The problem =
Each line of the listing must be transcribed exactly, except for the images, which should be excluded.

Supplied data =
——

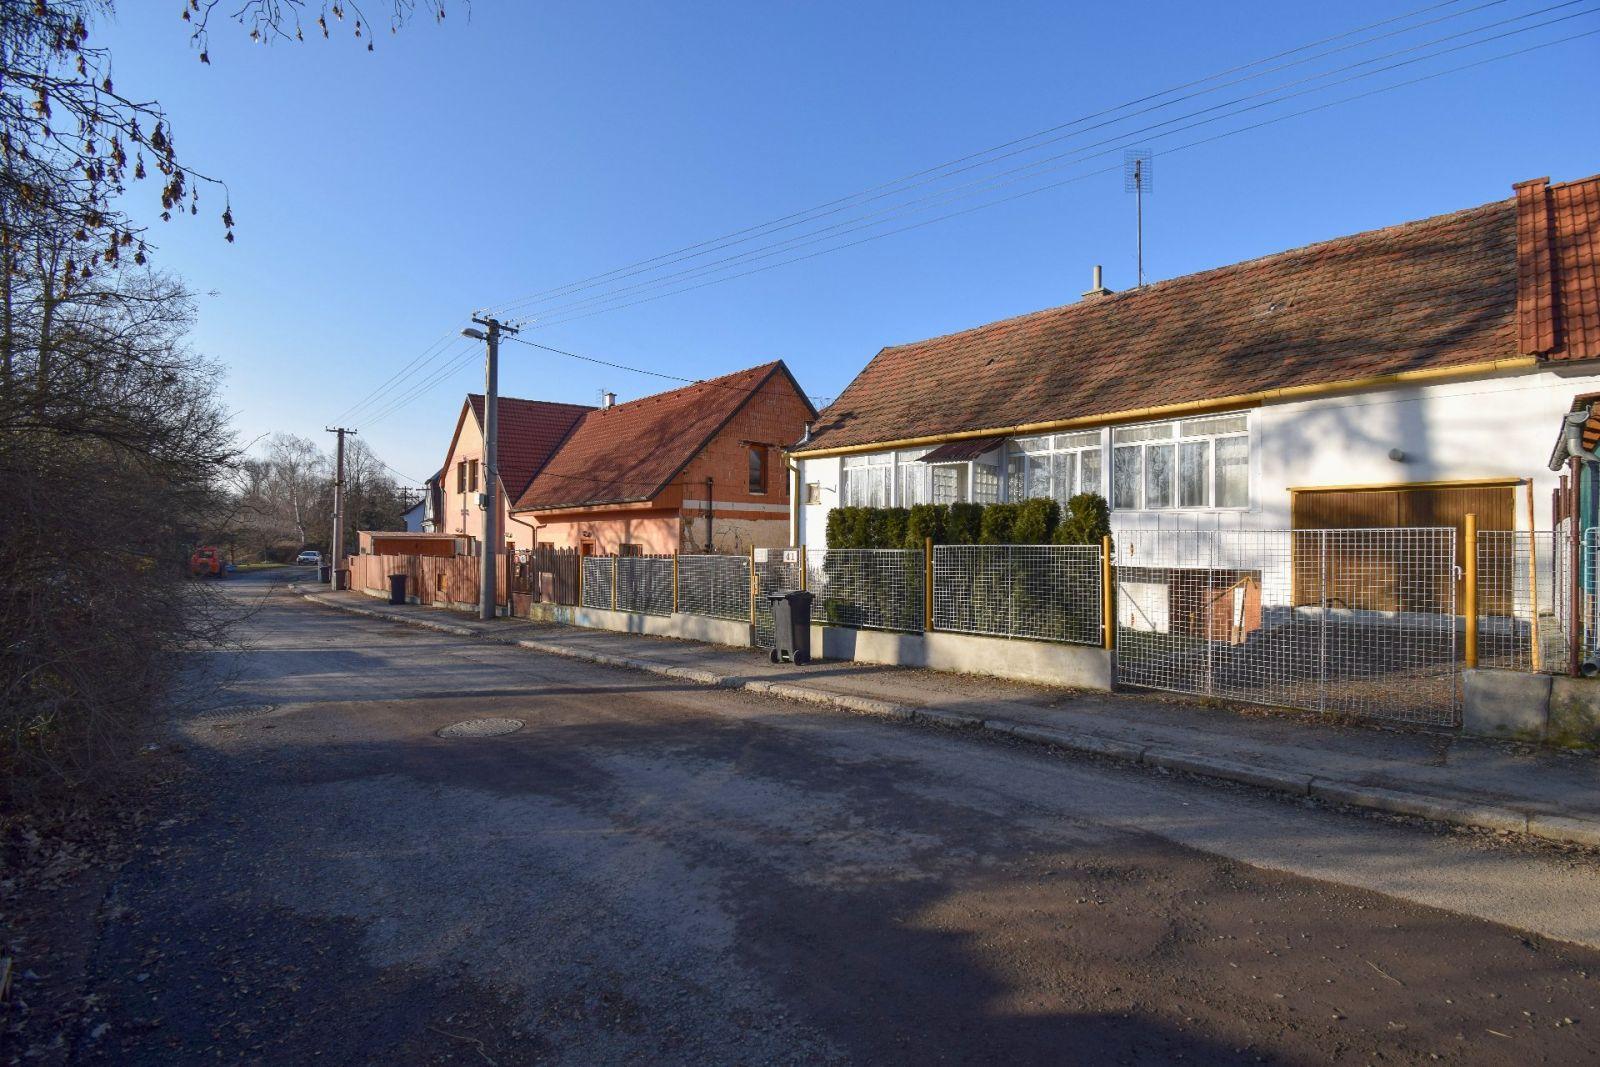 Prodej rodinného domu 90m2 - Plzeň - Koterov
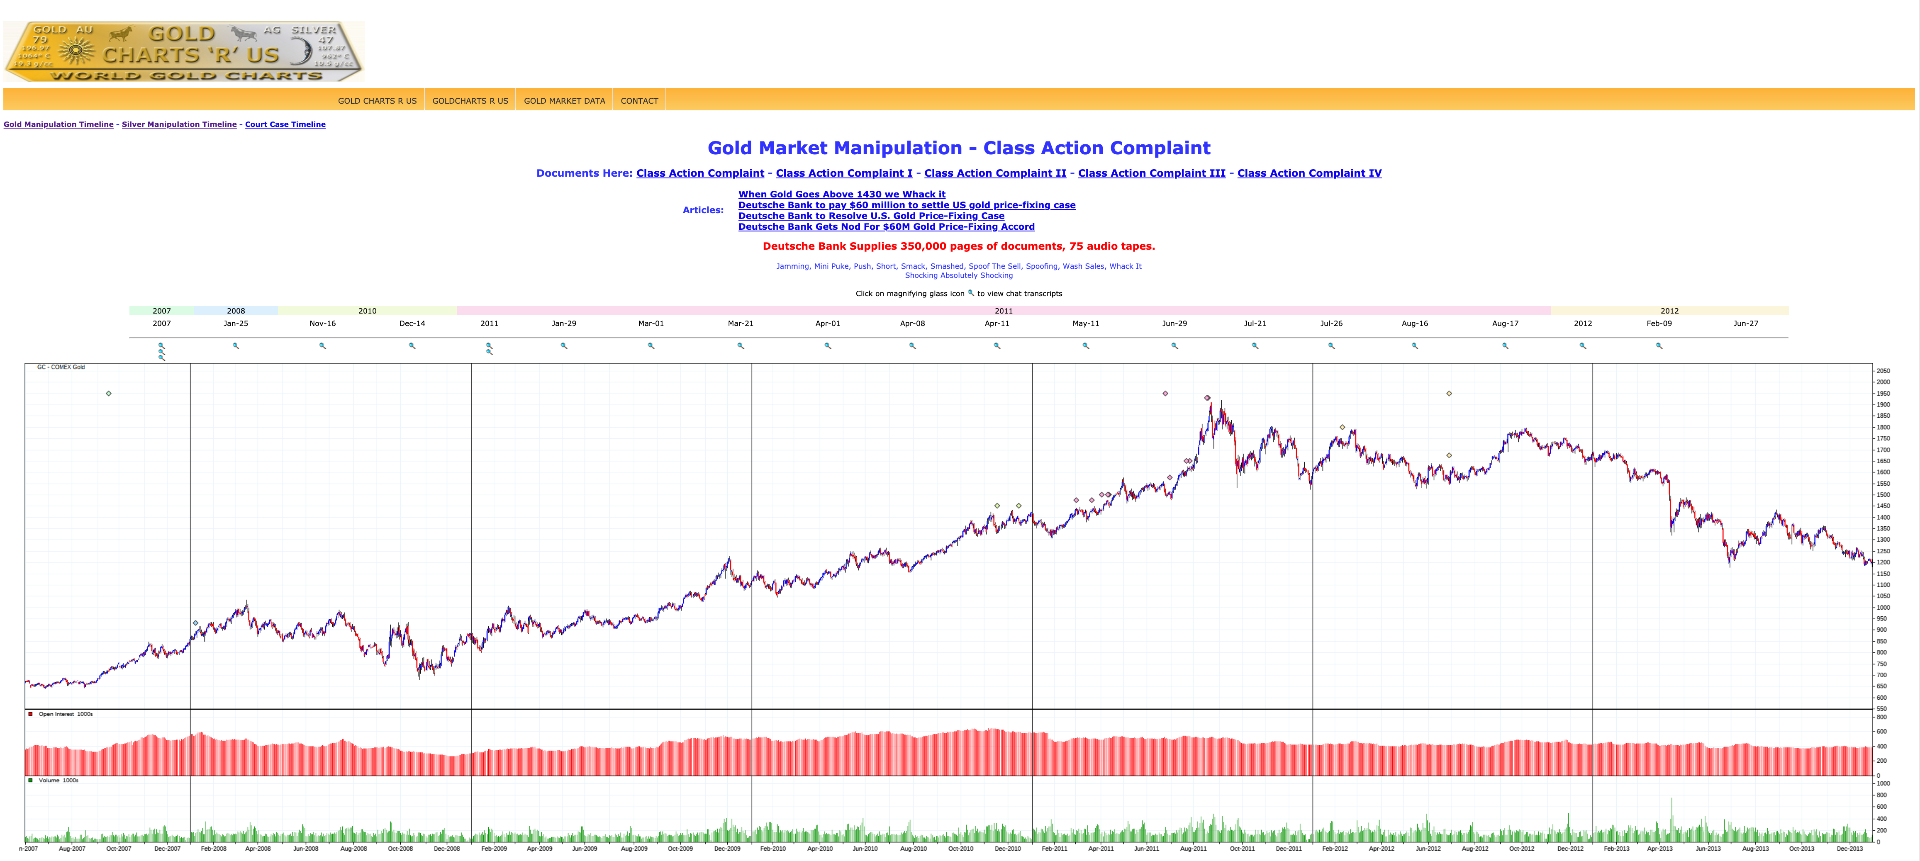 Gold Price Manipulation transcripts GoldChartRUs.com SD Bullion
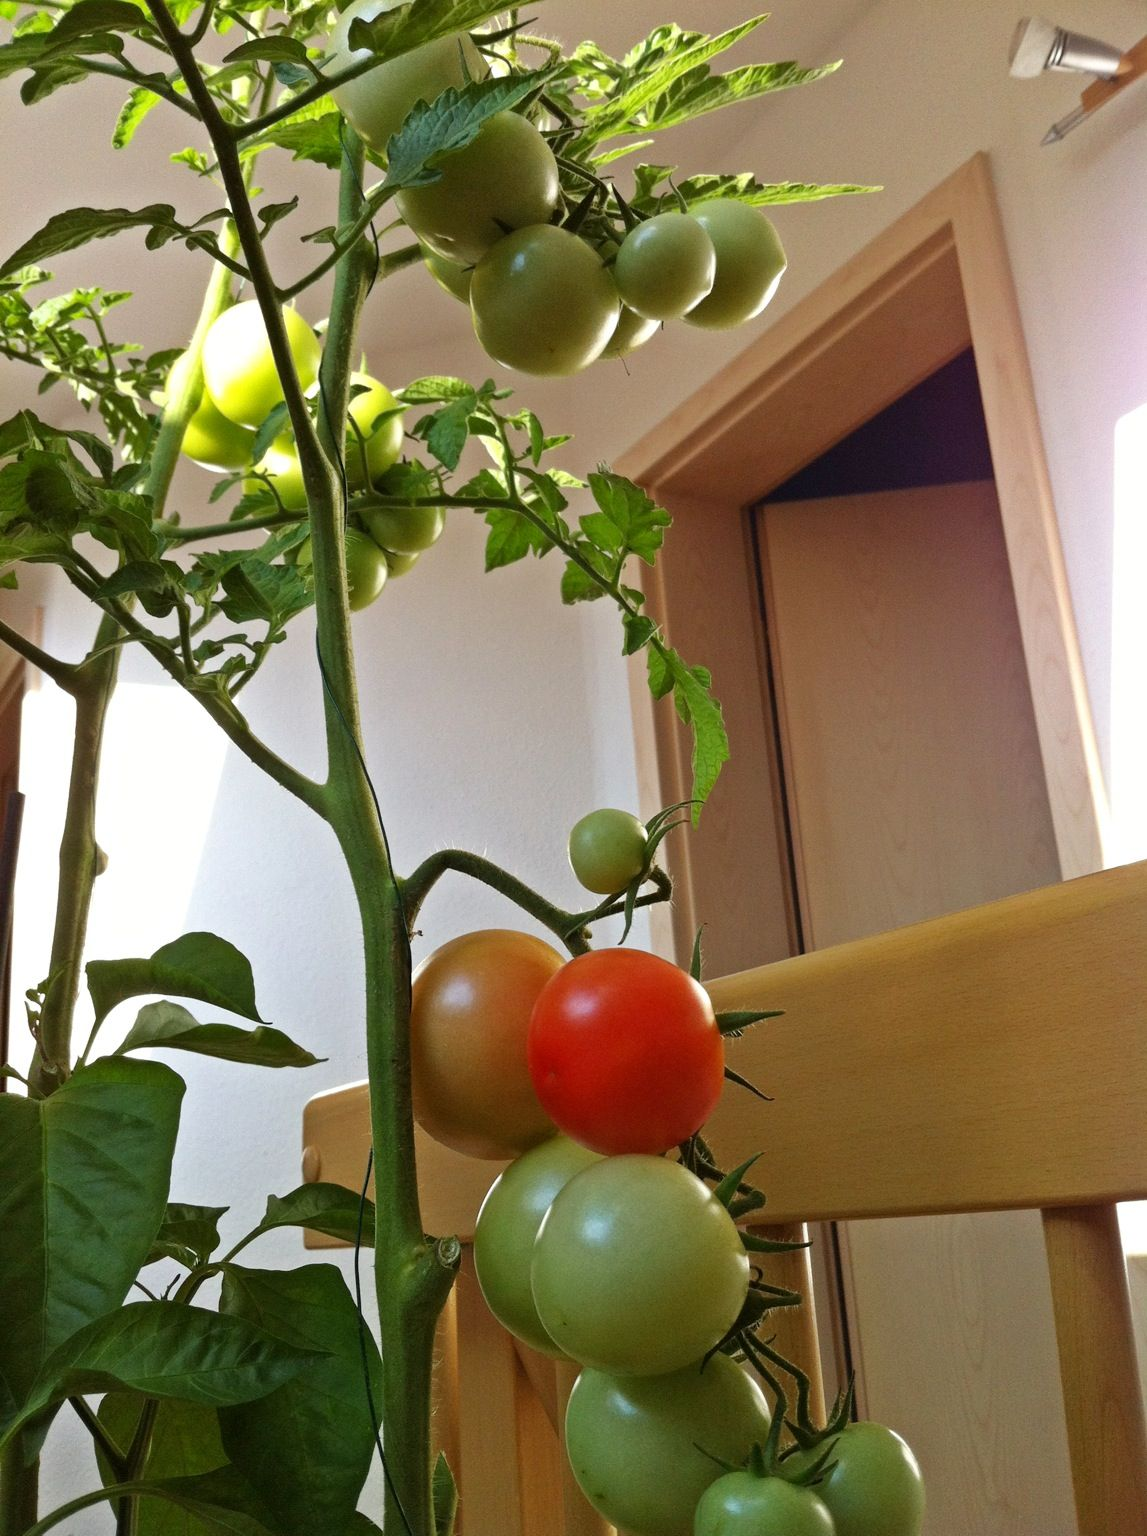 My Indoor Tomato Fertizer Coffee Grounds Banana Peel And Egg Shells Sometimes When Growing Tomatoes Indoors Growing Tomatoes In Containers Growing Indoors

——

Exercise output =
 Prodej rodinného domu 90m2 - Plzeň - Koterov
 Gold Price Manipulation transcripts GoldChartRUs.com SD Bullion
 My Indoor Tomato Fertizer Coffee Grounds Banana Peel And Egg Shells Sometimes When Growing Tomatoes Indoors Growing Tomatoes In Containers Growing Indoors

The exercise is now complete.